A Piece of the Puzzle: Finding a Name for the Unknown
Immediately after the birth of her fifth child, Andrea knew something wrong. At two days old, a pediatric ophthalmologist diagnosed her son, Joe, with Peters anomaly. Peters anomaly is a congenital condition that causes the cornea to be opaque rather than clear, which prevents normal visual development. Children with Peters anomaly often have other health conditions that affect other parts of the body as well.
“It was kind of a whirlwind,” said Andrea. “Something you don’t expect. Especially having four other children before him. We knew he had other diagnoses while he was in utero, they diagnosed some things via ultrasound so we were kind of prepared for that but this whole other eye business was not on the bingo card.”

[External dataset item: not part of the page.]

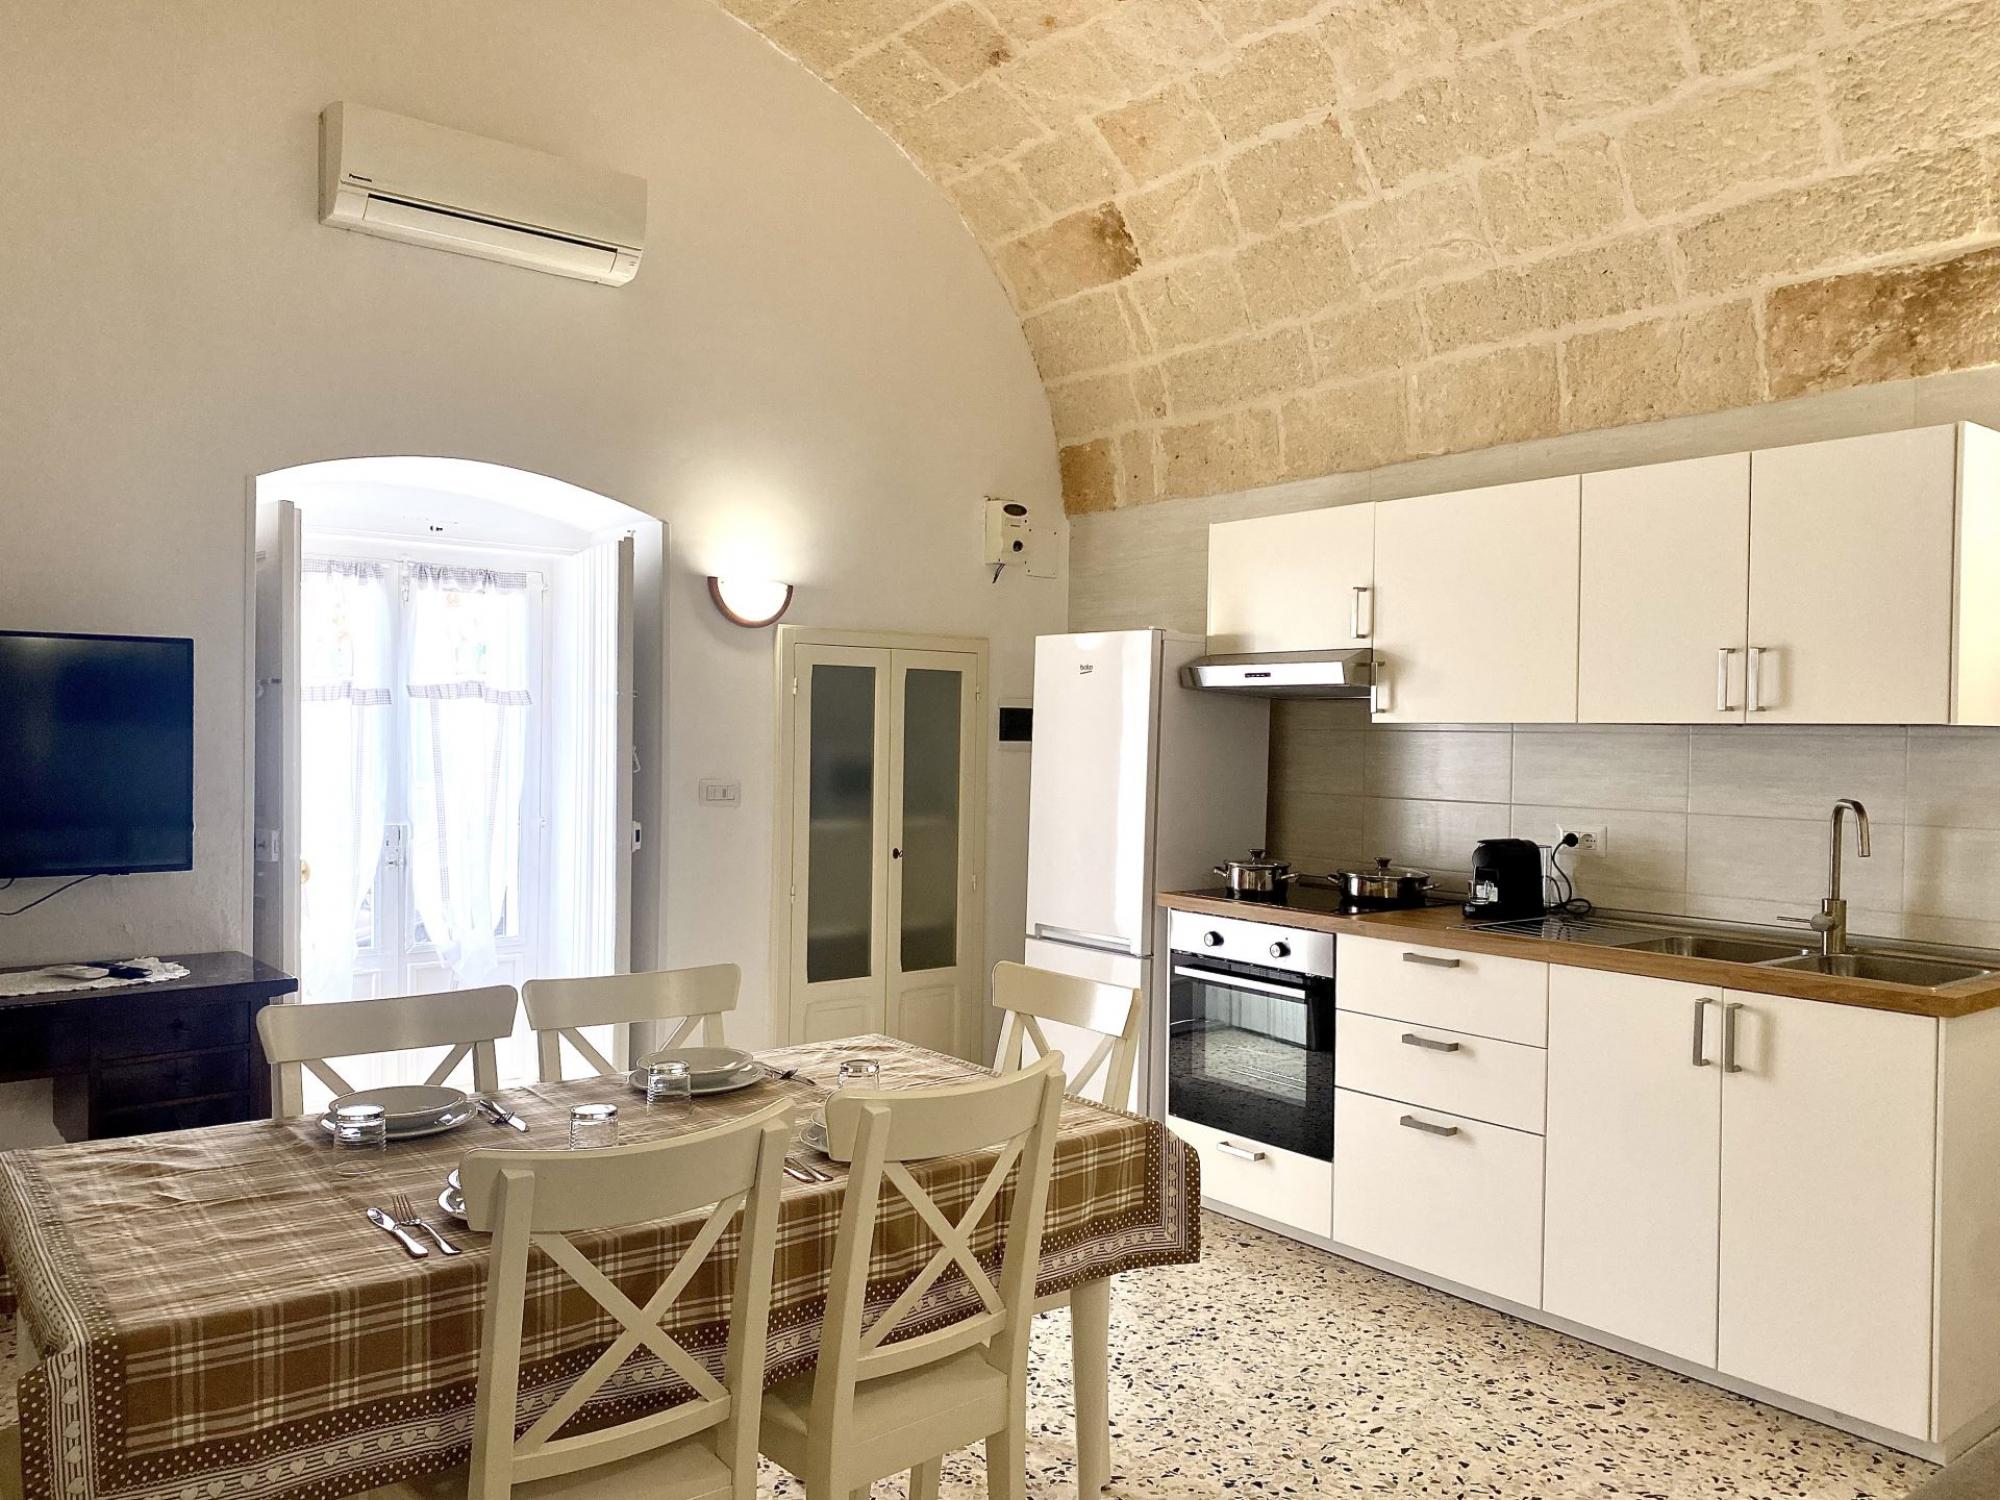 Property Image 1 - 4 people  2 bathrooms  suitable for families  great location-Dimora Anna
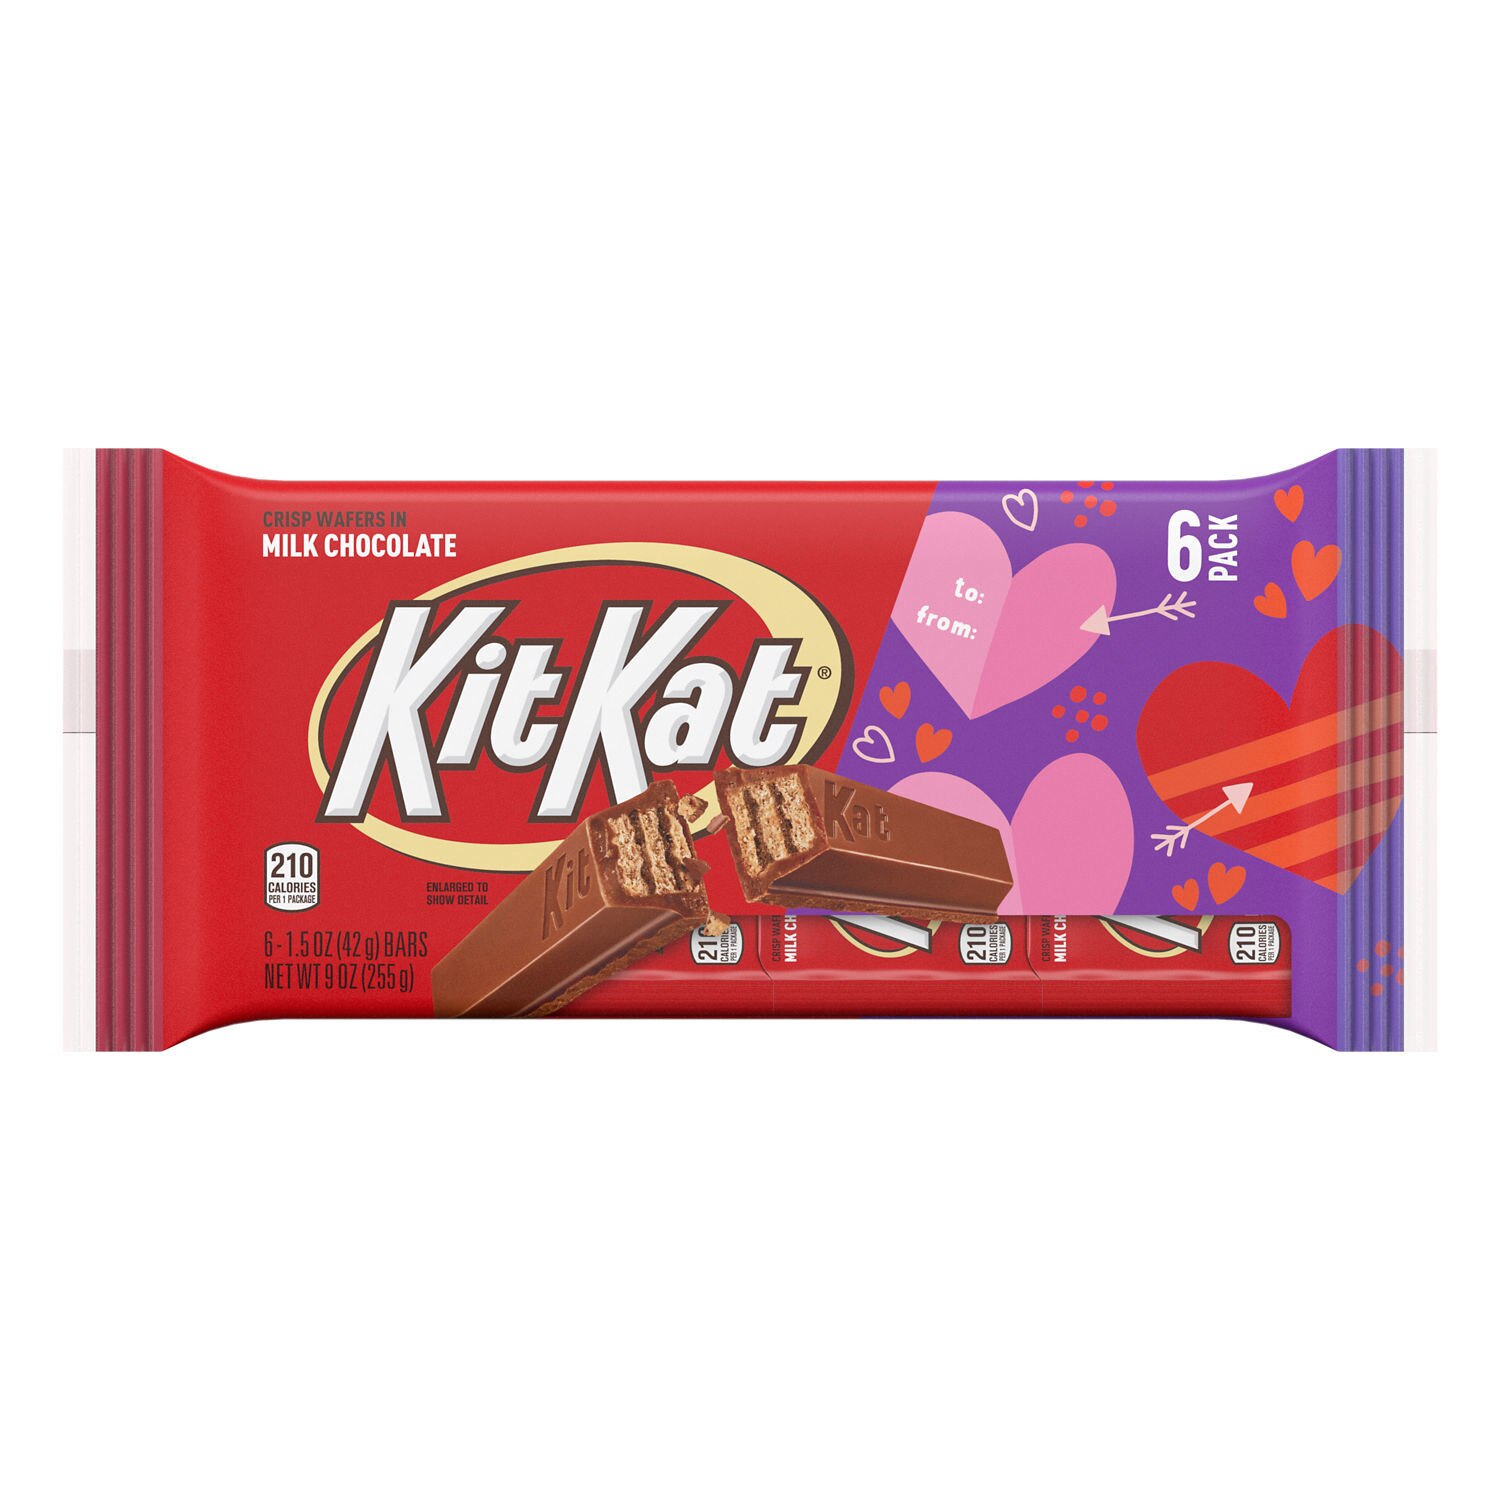 KIT KAT Milk Chocolate Wafer Candy, Valentine's Day, 1.5 oz, Bars (6 Count)

Unable to answer the questions that continued to arise around Joe’s Peters anomaly diagnosis as well as his brain conditions, Andrea took Joe to see various specialists and explore what options they had to seek additional treatment.
“There’s got to be something that’s causing all of this. This just isn’t normal,” she recalls thinking at that time.
Through online support groups, Andrea discovered the Genomics, Genetics and Epigenetics Laboratory, led by Elena Semina, PhD at the Ϲ. The Genomics, Genetics and Epigenetics Laboratory focuses on identifying genetic and epigenetic factors contributing to human disease through analysis of samples from affected individuals and modeling in zebrafish and human cells.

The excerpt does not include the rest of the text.